Age of War

by on 04/12/2014

- Simple and straightfoward gameplay is easy to learn
- Artwork looks amazing!


- It's a dice game, so luck plays a huge part in planning your 'strategy'
- Doesn't really live up to the epic sounding title

Editor Rating
Total Score


Don’t let the epic name fool you; Age of War is a tiny game of conquest set in feudalJapan. Created by legendary designer Reiner Knizia and published by Fantasy Flight Games, does this game live up to the pedigree?

The game play of AoW is fairly straightfoward. The players set out 14 Castle cards which feature rows of symbols (such as an archer or cavalry) and a number, which represents how many victory points the card is worth. Players can ‘defeat’ a Castle by rolling the seven custom dice at the beginning of their turn, then trying to match the dice results to the symbols on each card. However, a player can only place the dice if they can complete the whole row; no half measures!



Everything in the little box

To make the game play more complex, players can only complete one row at a time, so even if you’re lucky enough to roll all the symbols you need in one go, you can only assign dice to one row. You then have to roll the remaining dice and hope to match another row. If unsuccessful, the player has the option to lose one die from their pool and then roll again. This continues until the player either completes all the rows, thus defeating the Castle and getting to take the card for the victory points printed on it, or the player runs out of dice. If this occurs, the dice get passed to the next player.

Another wrinkle is that even if you defeat a Castle and claim the card, the other players at the table can choose to instead try and steal your card for themselves. This is done by matching the symbols as before, except that the attacking player also needs to roll an extra Daimyo symbol in the top left of the card. This makes taking the Castle from a player more difficult than taking one of the unclaimed Castles. I love this feature of the gameplay, as it means players are not immune to the predations of the other players. It keeps the game engaging too, as players have the opportunity to get back into the game if someone is streaking ahead on victory points.

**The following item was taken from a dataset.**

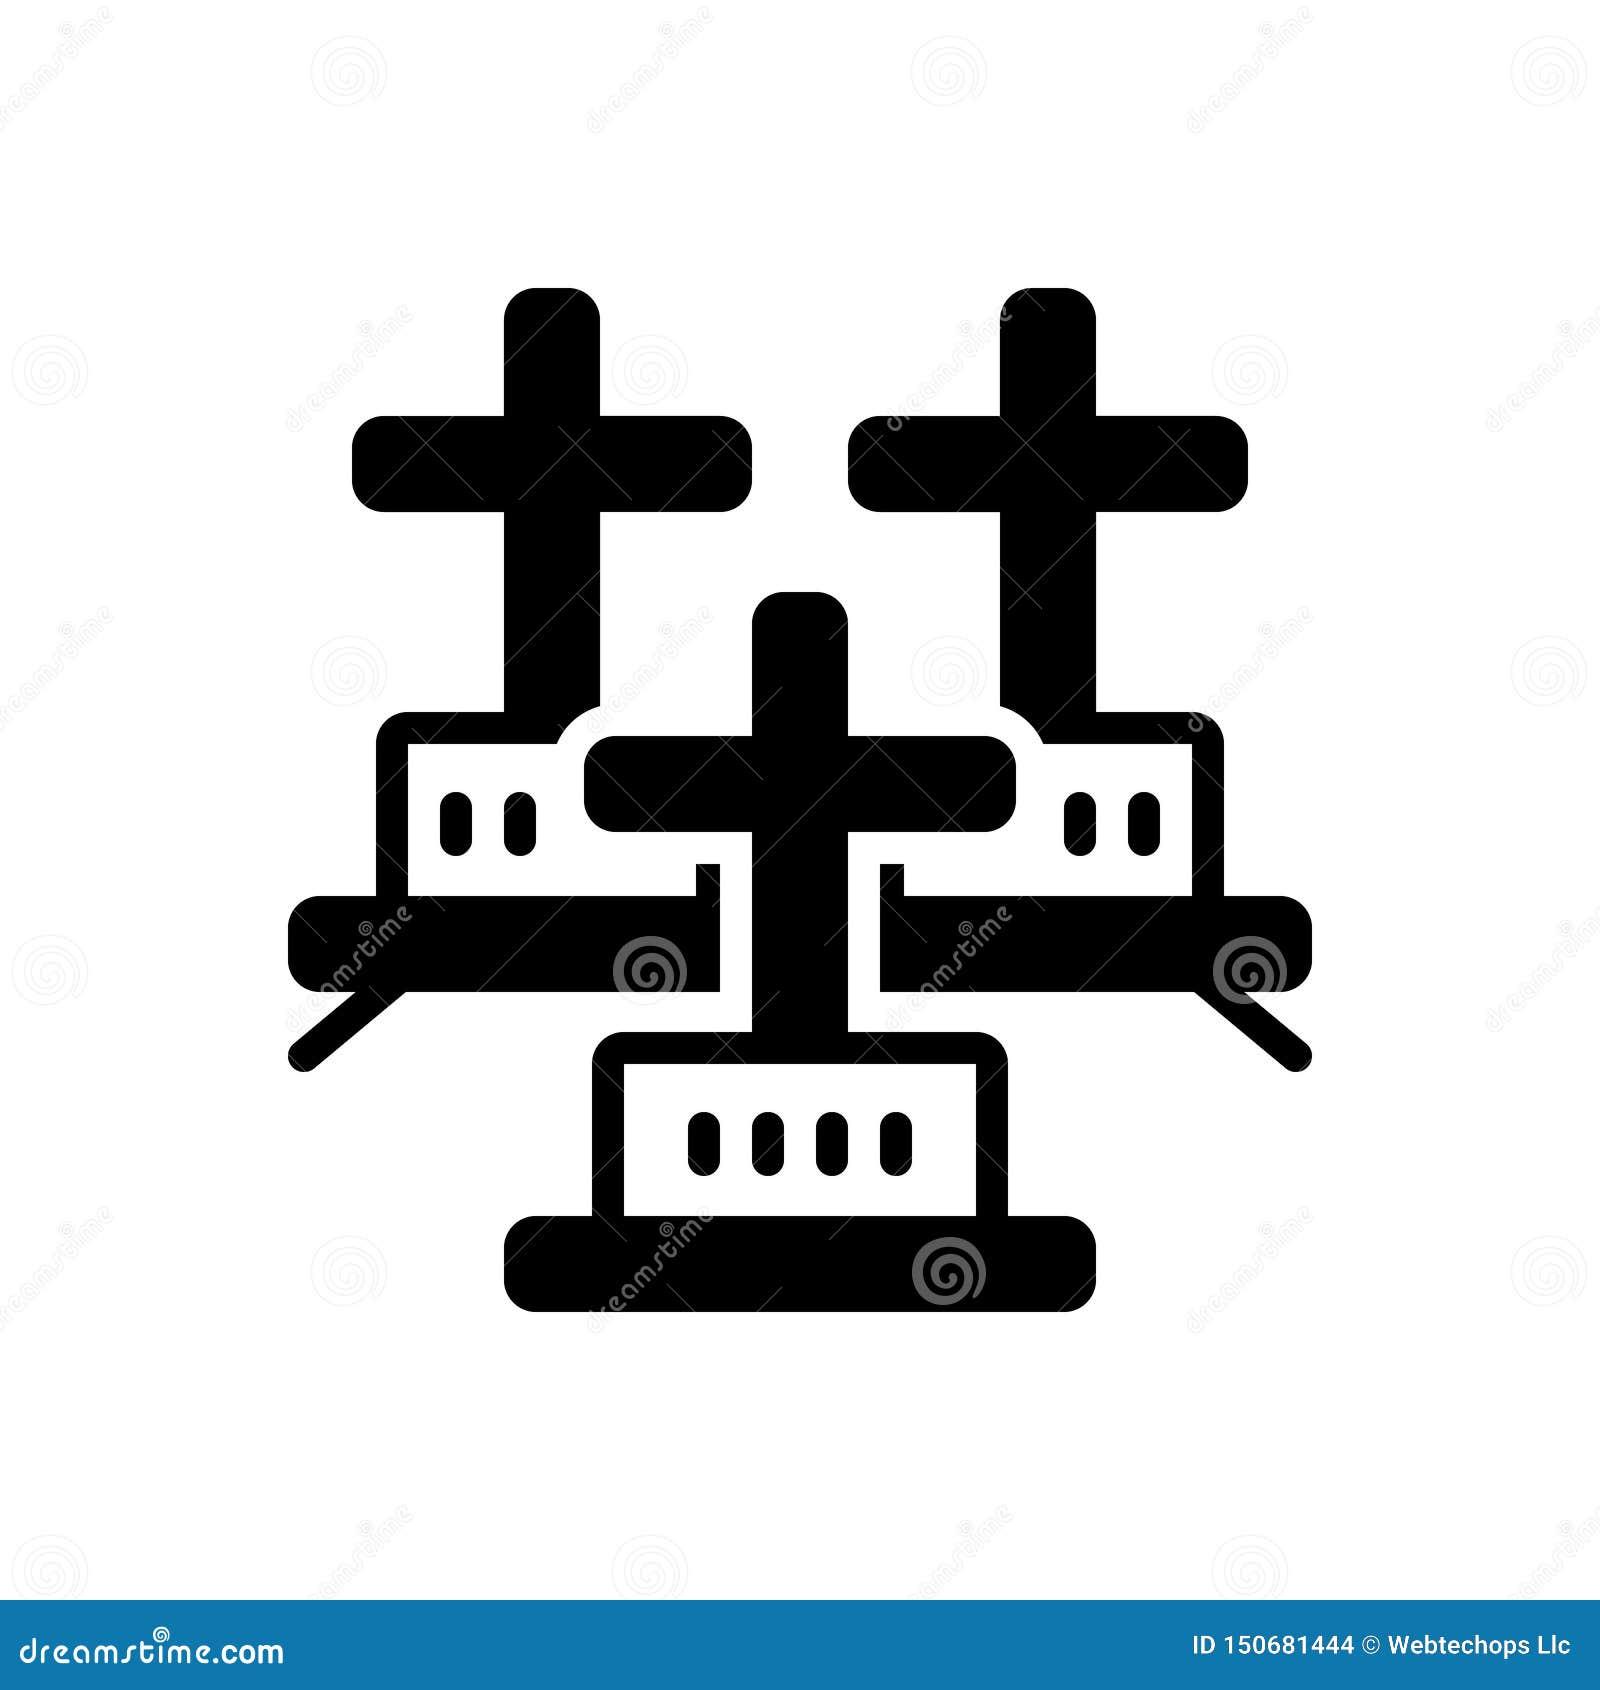 Svart fast symbol för kyrkogårdar, kyrkogård och sheol

Finally, each Castle is part of Clan which is represented by the colours of the cards. If a player can collect all the Castles from the same Clan, the set is then flipped over. This has two benefits for the player who accomplishes this; firstly, the flipped cards as a set are worth more in victory points than the individual Castle cards added up. Secondly, the cards are immune to being attacked by the other players. This is a clever level of detail in an otherwise low-strategy game as players will have to decide whether to go for an easy card or that harder card that would give them a little extra in victory points and score security. The game ends when the last unclaimed Castle card is taken, with most victory pints determining the the winner.

The custom dice symbol matching mechanic with re-rolling is practically the same as that used in Eldar Sign, where players are instead trying to complete Rooms for various rewards. Whilst it is incredibly difficult to come up with new mechanics in the board game industry, this copycatting may be the main reason why FFG picked up this design to publish. AoW could almost be thought of as Eldar Sign Lite, which in itself isn’t a bad thing; a clever twist on an old mechanic can be just as welcome to me as something completely new.


Close up of the Castle cards

I like how the game presents you with some choice in how you go about playing; Do I take a Castle in the centre of the table, or go for an opponent’s card? Do I go for the easy one pointer or take a risk and get the last purple Clan card to complete my set? The bottom line however is that it is a dice game, and is very heavily influenced by luck to the point where strategy takes a back seat in game play. Sure, you can pick the Castles that are statistically more likely to come up on the dice, but if Lady Luck has turned her back on you, it won’t matter. This is something I didn’t enjoy about AoW; you need to accept that you may, through no fault of you own, spend turn after turn after turn doing essentially nothing as the symbols you need just don’t turn up. This can be very frustrating, especially if your opponent goes on a hot streak and seems to roll what they need every time.

The game is short at around 15-30 play time, which is suited to the game’s simplistic mechanics and quick turns. AoW will accomodate from two to six players, but is best kept at the 3-4 player range, as down time between rounds gets to be a drag in larger games.


Close up of the custom dice

The components and artwork are as you would expect from FFG; amazing! The card stock and box have a linen finish for durability and feel like they could take some serious abuse. The colour scheme is colourful yet muted with a fantastic looking battle scene on the front. The rulebook is well written and clear with examples to help guide players through the admittedly simple ruleset.

Age of War is a short and simple game with some limited strategy but mostly a hefty dollop of luck. AoW is a strange beast in that you need to accept that no amount of skill will save you if the dice just aren’t going in you favour. The game is playable enough, and is suitable as a filler between bigger games, but it’s not a game I would pick up and play for a whole evening.